Dr. Jennifer Foster (DCU) 

#hardtoparse: The Challenges of Parsing the Language of Social Media

The emergence of social media represents a significant challenge for
natural language processing researchers. How suitable are existing NLP
tools,often trained on newswire and expecting grammatically
well-formed input, for processing the linguistically diverse mix of genres
and domains that constitutes the modern web? How robust are these tools to
the non-standard forms found in unedited, casually
written language? To what extent can domain adaptation techniques be used
to improve performance? How important are data pre-processing and
normalisation?

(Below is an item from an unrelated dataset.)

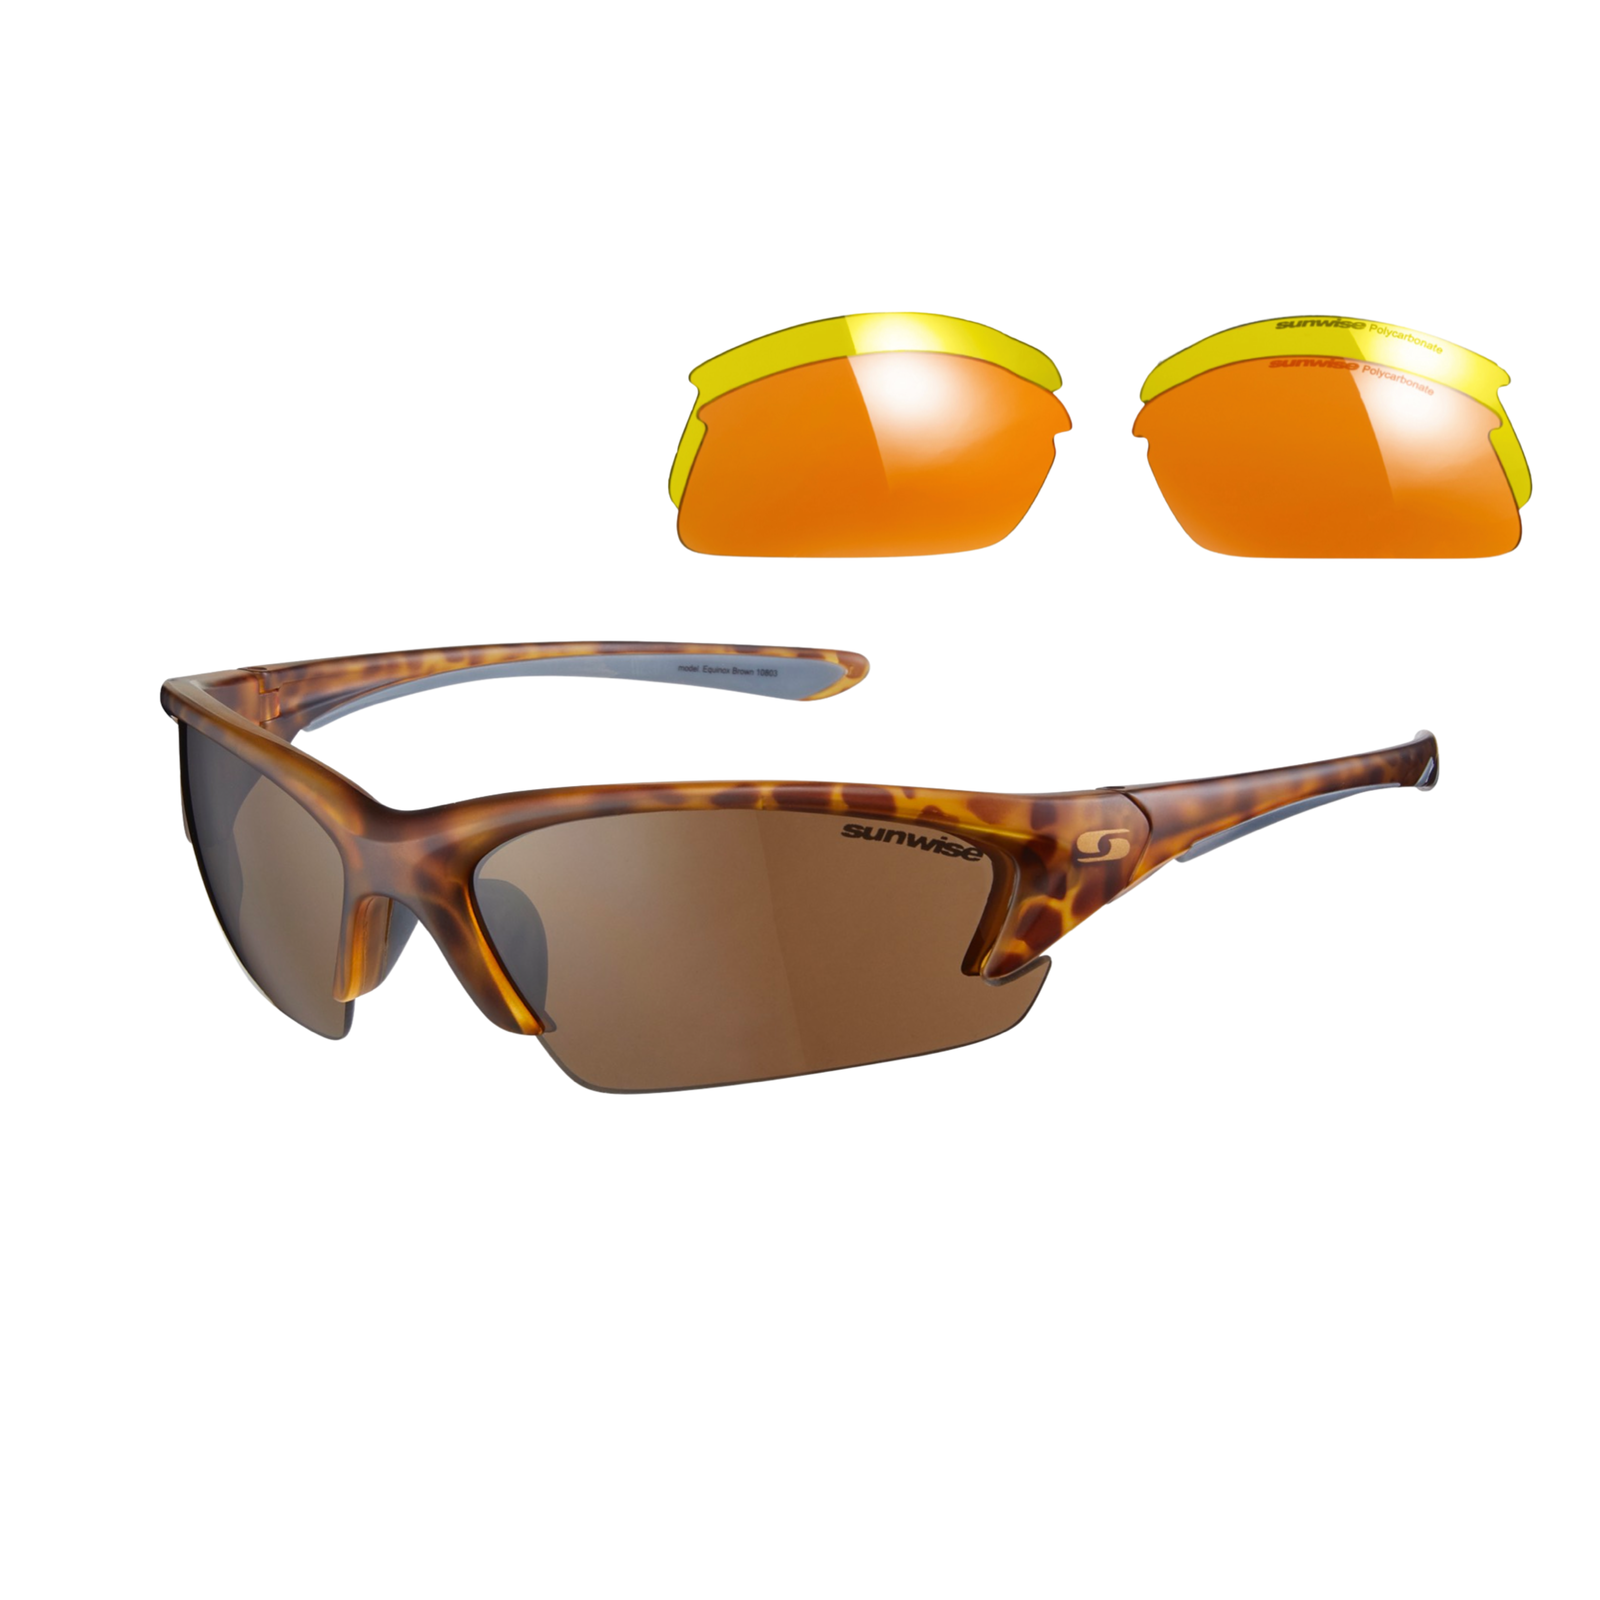 Gafas de sol deportivas Equinox con lentes intercambiables - 8 colores

In this talk, I will focus on the problem of syntactic
parsing and describe the work carried out to date by researchers in the
National Centre for Language Technology in Dublin City University on the
problem of parsing the language of social media.
This work includes an evaluation of four widely used statistical
parsers on a new dataset of tweets and discussion forum posts, as well as
experiments which aim to improve parsing performance using the
following methods:

1. Modelling the target domain, i.e. transforming the parser training data
(in our case, Penn Treebank) so that it more closely resembles the data to
be parsed, and then training a new parsing model

2. Self-training and up-training using large quantities of
automatically labelled data

3. A combination of data normalisation, parser accuracy prediction to
select suitable training data, genre classification, and self-training
using products of random latent variable grammars

The third approach proved to be very effective in the recent shared task
on parsing English web data
(https://sites.google.com/site/sancl2012/home/shared-task/results).